These photographs by Luc Boegly and Sergio Grazia show the complex engineering of the vast dome that is suspended over the galleries of Jean Nouvel's Louvre Abu Dhabi in the United Arab Emirates.

Meetings between the French architect and engineers Buro Happold began in 2007, with the architect laying out his vision for an art gallery like nothing the world had seen before.

Nouvel wanted to create a cluster of buildings arranged like a traditional Middle Eastern souk out in the water of the Persian Gulf, under a dome that would appear to float above it.

"He tends to start with words, he writes a paragraph or two about a project before he even sketches something," Andy Pottinger, Buro Happold's associate director and lead structural engineer on the project told Dezeen.

"Often as engineers we chuckle when we're asked to make things float," he said. "But in this case we took it very, very seriously, and really tried hard to make it look like something that's just nestled down on the top of the buildings."

Another core part of the Nouvel's vision was a "rain of light" from the sun that would filter through the dome onto the plazas and galleries below.

"The light was like a material for us that we had to facilitate," explained Pottinger.

To add to the challenge, the architect wanted no visible lines of strength for the dome of the gallery on Abu Dhabi's Saadiyat Island. For Buro Happold, which typically works on stadium projects such as the Etihad Stadium expansion or the Bristol Arena, this meant putting much of their usual design programming to one side.

Instead the engineering team began exhaustive rounds of digital modelling, trying to devise a dome that could deliver Nouvel's dream. Unlike a "true" dome, the Louvre Abu Dhabi dome does not push down around its circumference, but rests on just four supports.

"The supports are about 110-metres apart and they form a square below the circle of the dome when you look at it on plan. That was vital because that brought symmetry into the equation," said Pottinger.

"At first, to be honest, much of what we were doing wasn't successful. We would create geodesic type approaches, with triangles forming the dome, or orthogonal approaches, where you had a square grid," he added. "None of that was working, it was clashing with the base pattern that Jean Nouvel had wanted to express."

The breakthrough came with the 23rd model, where the team started again with a blank slate and drew that base pattern on the dome as a starting point, adding only what was completely necessary.

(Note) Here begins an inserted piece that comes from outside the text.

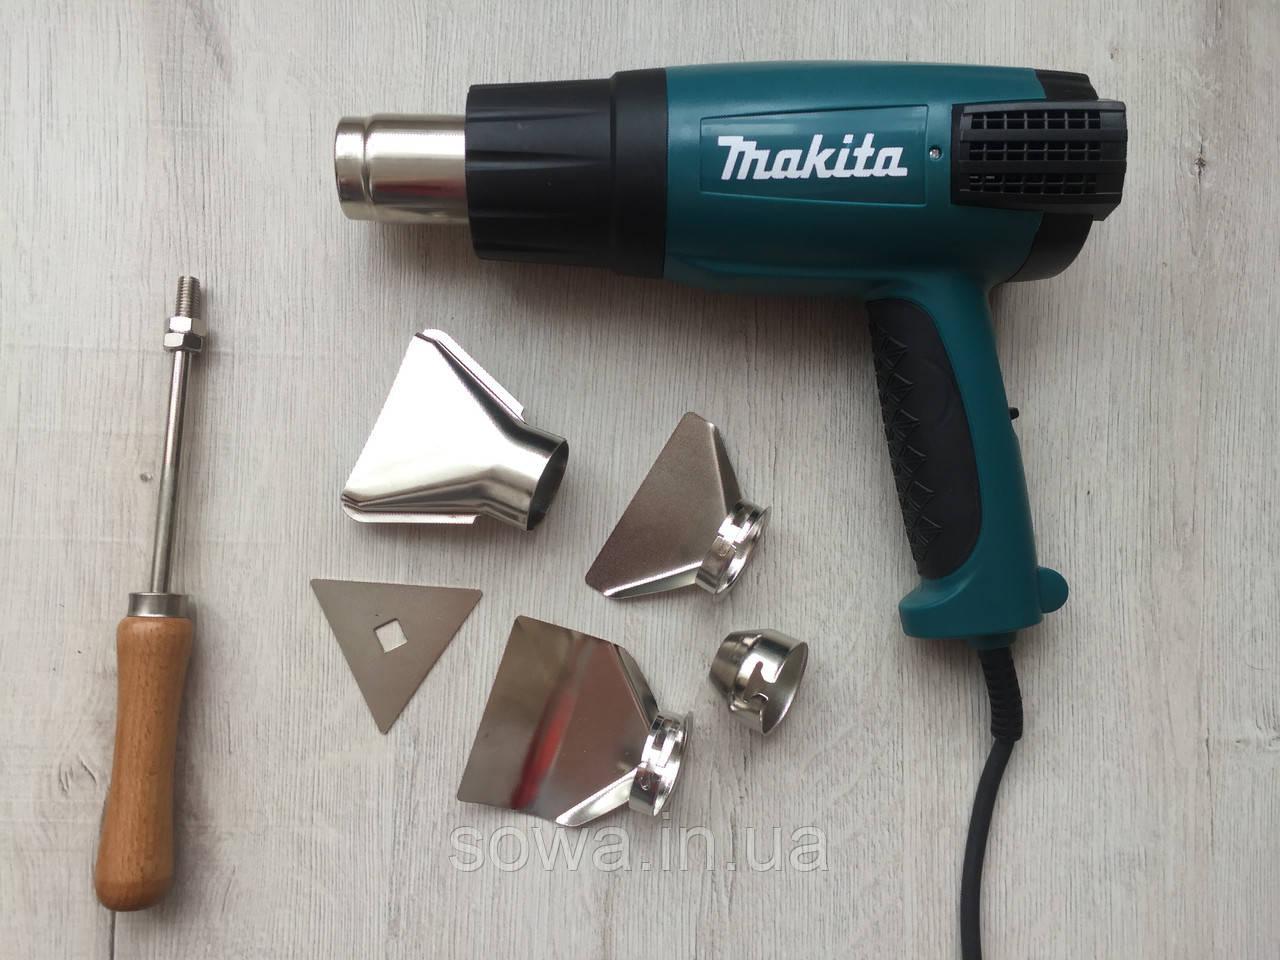 ✔️ Технічний, будівельний фен - Makita HG6005

The result was the layers of steel cladding that tessellate out, with no straight line longer than 10 metres anywhere in the design. Iterations of the pattern could also achieve Nouvel's lighting vision by altering the layering of the pattern at different points in the dome.

"The architect would talk to us about what sort of light they would like on the plaza or above the galleries and give us maps of luminance," explained Pottinger. "We would run with those and we'd apply it to our software and adjust the thickness of the cladding or the size of the cladding to create the right porosity."

The dome design cracked, the engineering team had to contend with the extreme environmental demands of building a gallery on the man-made Saadiyat Island, with a hot desert climate and in an earthquake zone.

To earthquake-proof the dome, each of the four supports have curved surface spherical bearings that allow the structure to shift beneath the dome as the earth shakes whilst the isolated structure remains still.

The sliding bearings also allow the dome's steelwork to tolerate the shift in temperature from hot days under the desert sun to cooler nights.

"What they also do is they allow the dome to breath in and out, as we call it," said Pottinger. "Temperature forces are almost impossible to resist, but what these sliding bearings allow it to do is to expand out by about 180 millimetres during the day and then to shrink back in overnight."

Rather than fight the climate and geography, Pottinger and his team embraced it. "I've gone along the lines of it being about the elements, the earth, the sun, and the sea," he said.

Few structures in the world are built out on to the water on reclaimed land, and even fewer hold priceless collections of art. To incorporate water into the design, Buro Happald looked to places such as Venice for inspiration.

"In an ideal world as engineers we would want to keep the perimeter of the building as simple as possible because it makes things less complicated to design in the case of things like shrinkage and the cracking that that leads to that might lead to a water ingress," he explained.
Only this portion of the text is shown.